— Goal of the exercise —
In your copy of the listing below, reproduce each word exactly and include no pictures.

— Data shown —
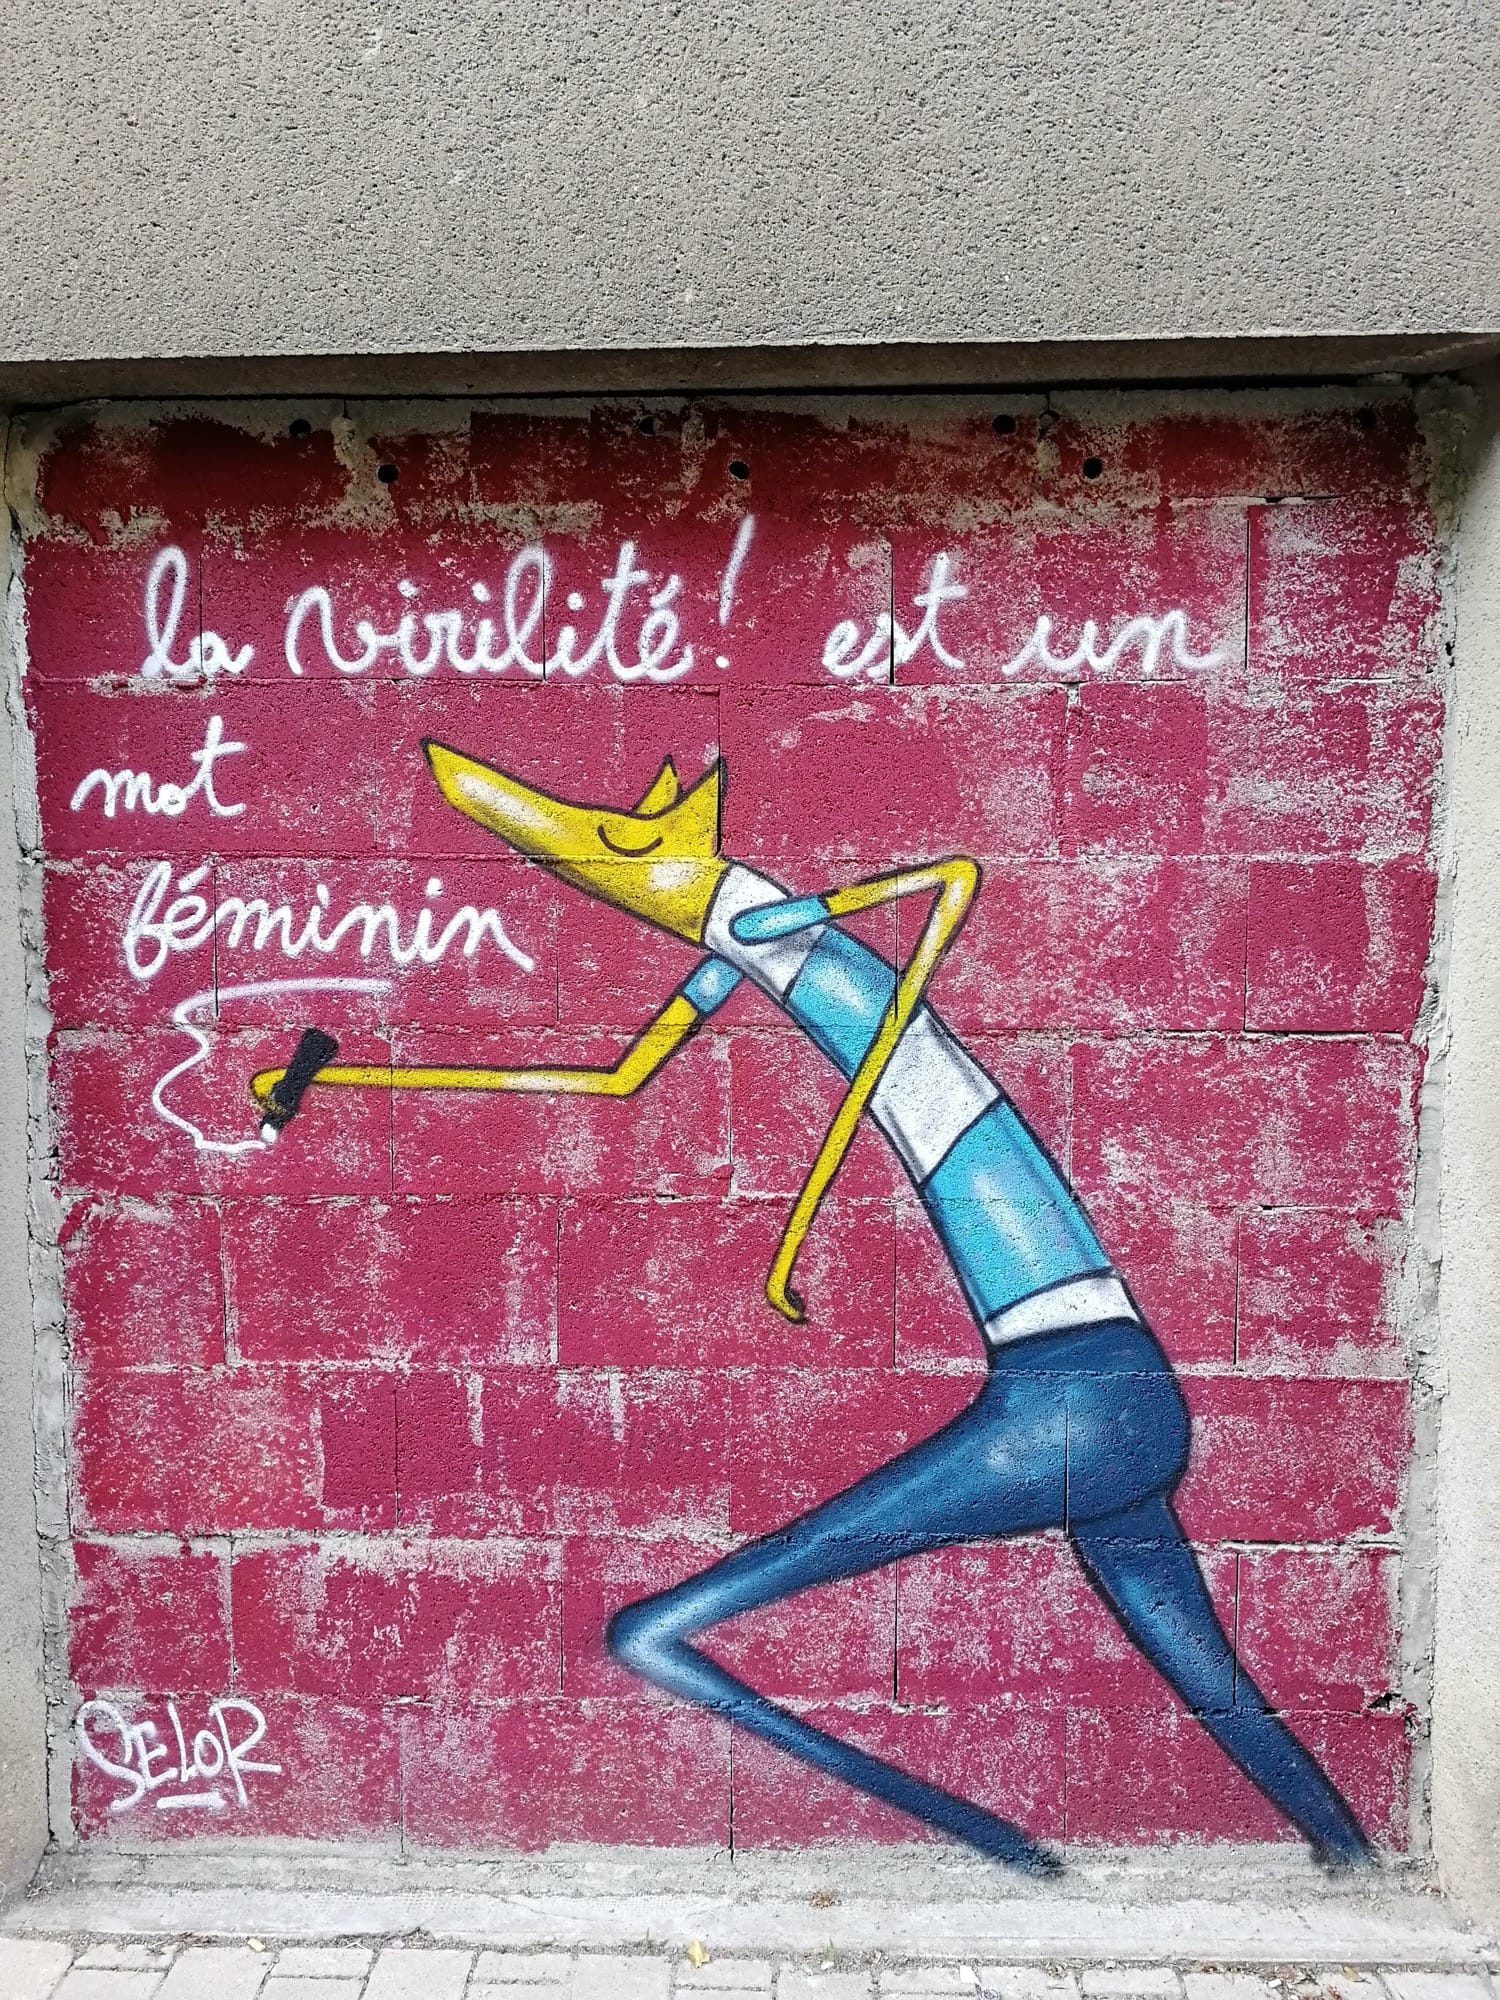 Graffiti 2979 La virilité est un mot féminin by the artist Selor captured by Rabot in Nantes France
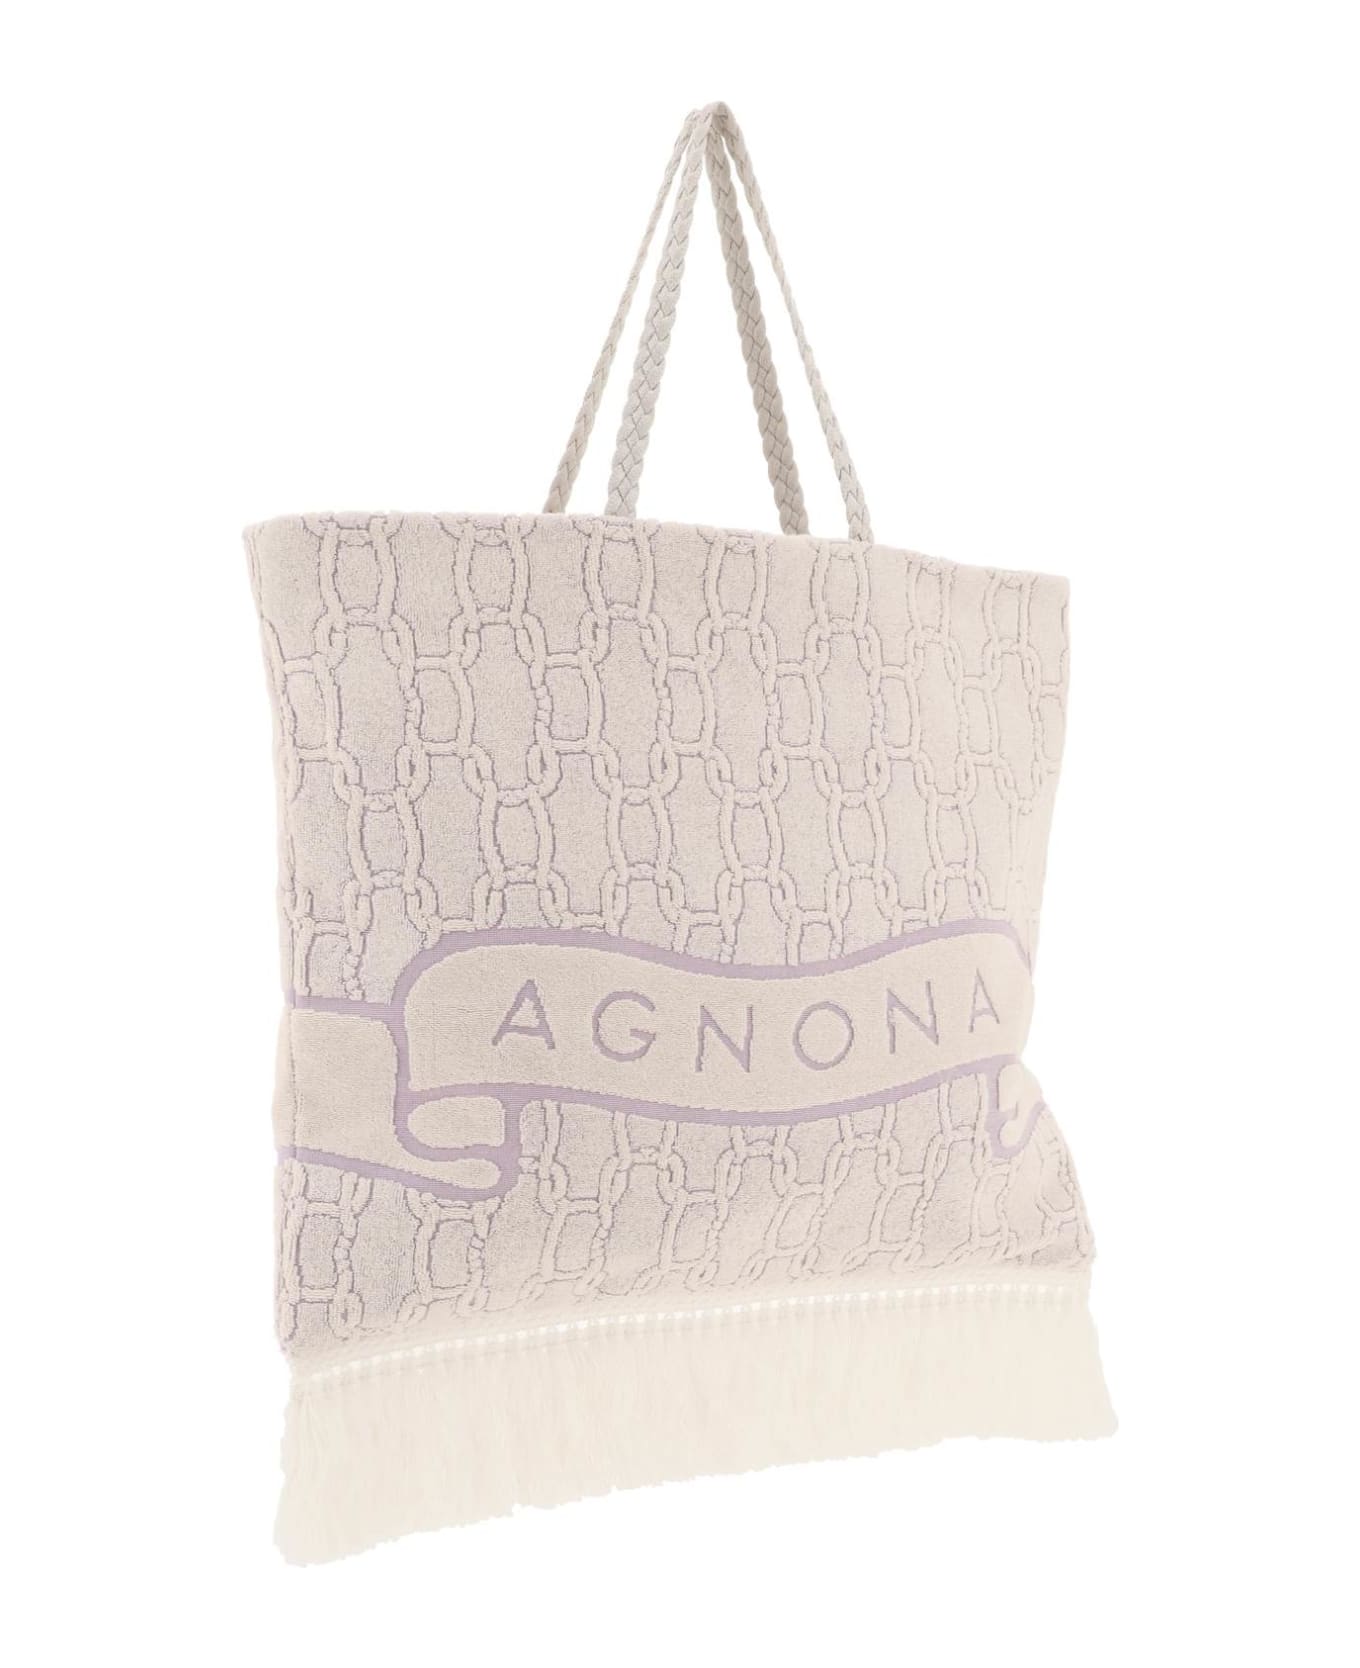 Agnona Cotton Tote Bag - MALVA (White) トートバッグ
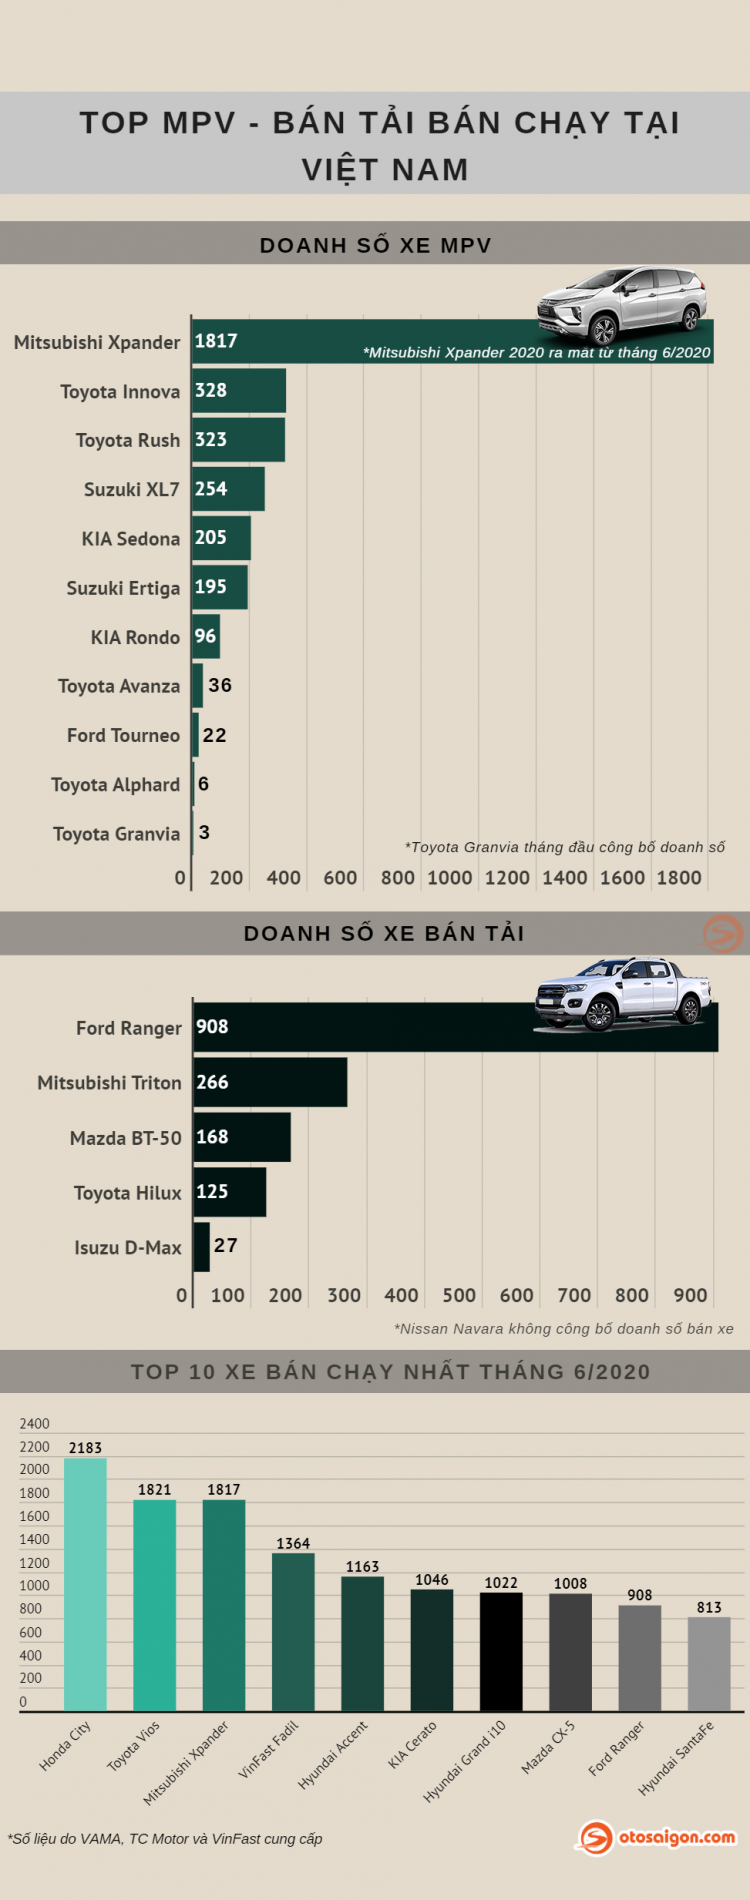 [Infographic] Top MPV-Bán tải bán chạy tại Việt Nam tháng 6/2020: Xpander 2020 vẫn bán chạy nhất

— Task solution —
 Graffiti 2979 La virilité est un mot féminin by the artist Selor captured by Rabot in Nantes France
 Agnona Cotton Tote Bag - MALVA (White) トートバッグ
 [Infographic] Top MPV-Bán tải bán chạy tại Việt Nam tháng 6/2020: Xpander 2020 vẫn bán chạy nhất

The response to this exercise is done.